The most comprehensive soil carbon study of Brazilian sugarcane expansion looked at 135 sites where sugar crops displaced former natural vegetation or pastureland. In these cases, sugarcane cultivation leads to a net loss in soil carbon.

It takes 8 years for the new sugarcane crop on former natural vegetation to ‘earn back’ these carbon losses to the atmosphere – by displacing burnt fossil fuels – and 2 to 3 years for pastures. 

Another study by Silva-Olaya confirmed that converting pasture to sugarcane resulted in a net loss of carbon from the soil. These studies only covered carbon and not other greenhouse gas emissions like nitrous oxide.

Not enough sustainable first-gen feedstock to meet demand

A consistent picture emerges from the latest studies on regional biofuel supply chains. In theory, biofuels could be an essential contributor to decarbonisation and biofuels do reduce consumer emissions by replacing fossil fuels. Yet full life-cycle assessments paint a different picture: the way that most feedstocks are grown means that first generation biofuels are making minimal inroads into global carbon emissions. 

This accords with a Royal Society Review paper from 2020 on the sustainability of biofuels. 

 As a rule of thumb, the authors found that first generation biofuels produce lower greenhouse gas emissions than fossil fuels only when biomass used to make them did not involve land use change – in other words, when biofuel cropland did not come at the cost of previously unexploited habitats that had high levels of carbon sequestration. However, this is not the case for most of the world’s biofuel crops.

There is an even bigger problem: if we only limited ourselves to first-gen feedstock volumes that did not require land-use conversion, there would not be enough to produce the biofuels needed to achieve the greenhouse gas savings targeted by the EU Renewable Energy Directive. 

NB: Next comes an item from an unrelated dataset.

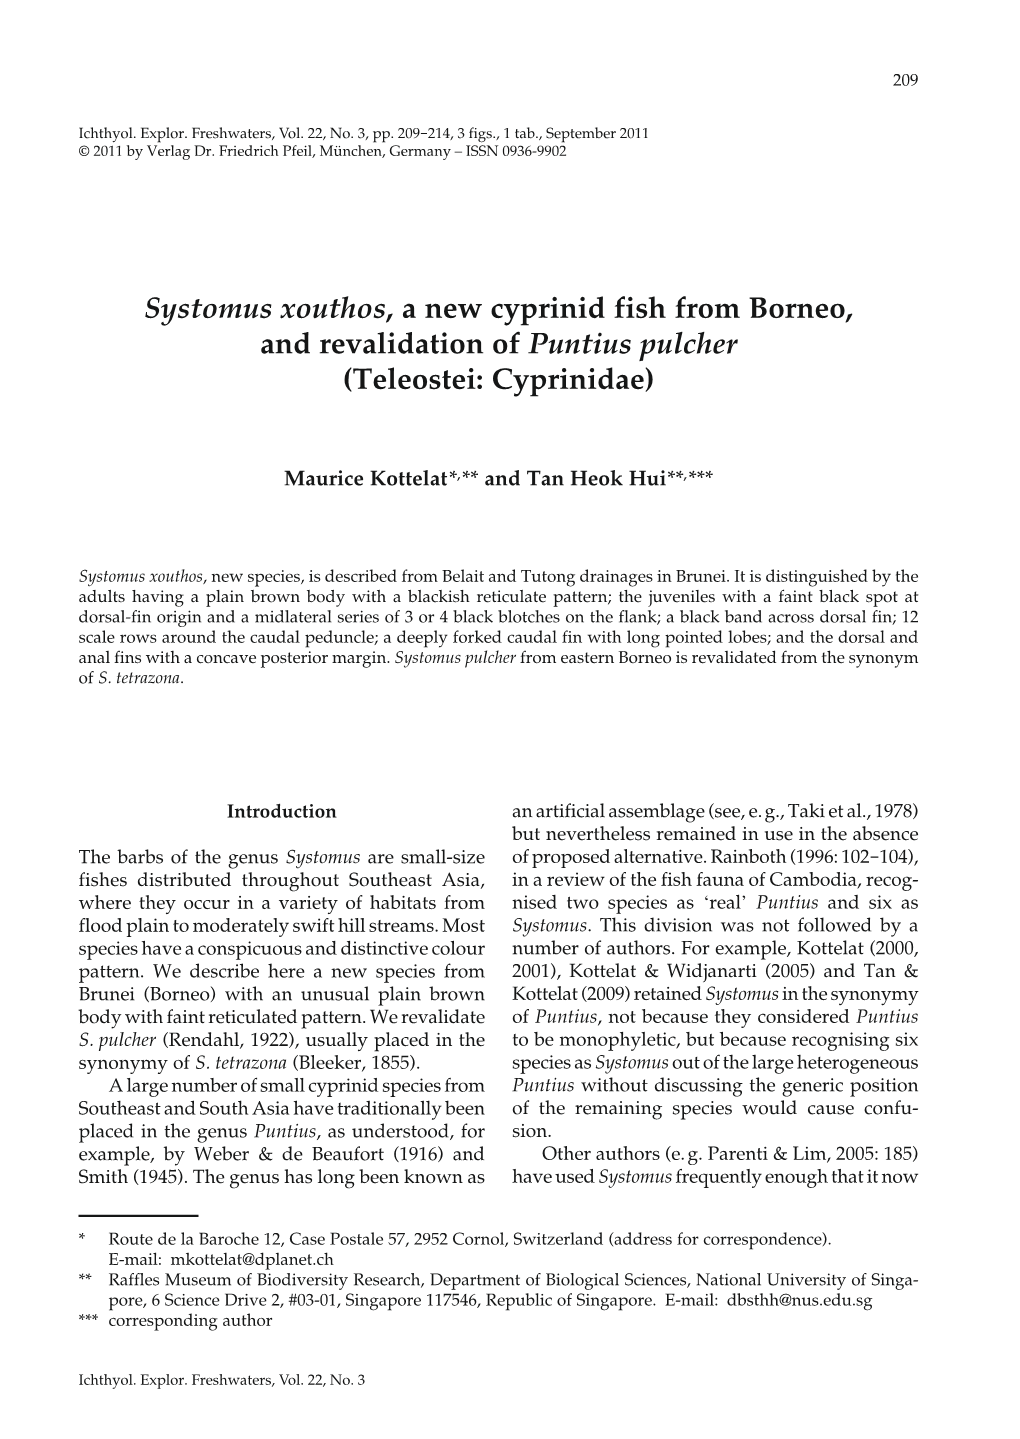 Systomus Xouthos, a New Cyprinid Fish from Borneo, and Revalidation of Puntius Pulcher (Teleostei: Cyprinidae)

Solutions to the supply-sustainability dilemma

The IPCC stated in its sixth assessment that “the large contribution of emissions from poorly quantified traditional biofuel use” over 2015 to 2019 means they cannot confidently assert these fuels have led to emissions reductions over that period. The biofuels industry is in significant need of an overhaul to ensure it can contribute to climate mitigation goals.

The most promising pathway for biofuel sustainability is for producers to adopt more sustainable inputs like organic waste from farms and forestry as well as crops grown on degraded land unsuitable for human food or animal feed production. Adopting second-generation biofuels is one recommendation presented by the Royal Society paper on the environmental sustainability of biofuels. 

The IEA believes that conventional biofuels grown from crops must be significantly reduced by 2050 to ensure sustainability: In its net zero scenario, over 60% of the 100 EJ global bioenergy supply should come from waste streams that do not take up land for food production or conflict with biodiversity conservation. 

This movement away from land-intensive crop biofuels is already happening. The European Union and its member states have legislated to keep land crop biofuel production to a minimum.

Yet conventional crops like maize remain the cheapest feedstocks. Production costs for using more sustainable feedstocks of agricultural and forestry byproducts are at least 50% higher, according to the IEA.

One barrier in the way of changing the biofuels industry is that there is no standard way of auditing its supply chains so that policymakers can assess the true impacts of shifting part of fossil demand to renewable fuels.  

These audits should account for the full spectrum of environmental impacts from feedstock to use and from greenhouse gas emissions to water pollution and biodiversity. Adding to the complexity of the task, standards for biofuel supply chain audits will have to give a methodology for assessing rural development and human health impacts.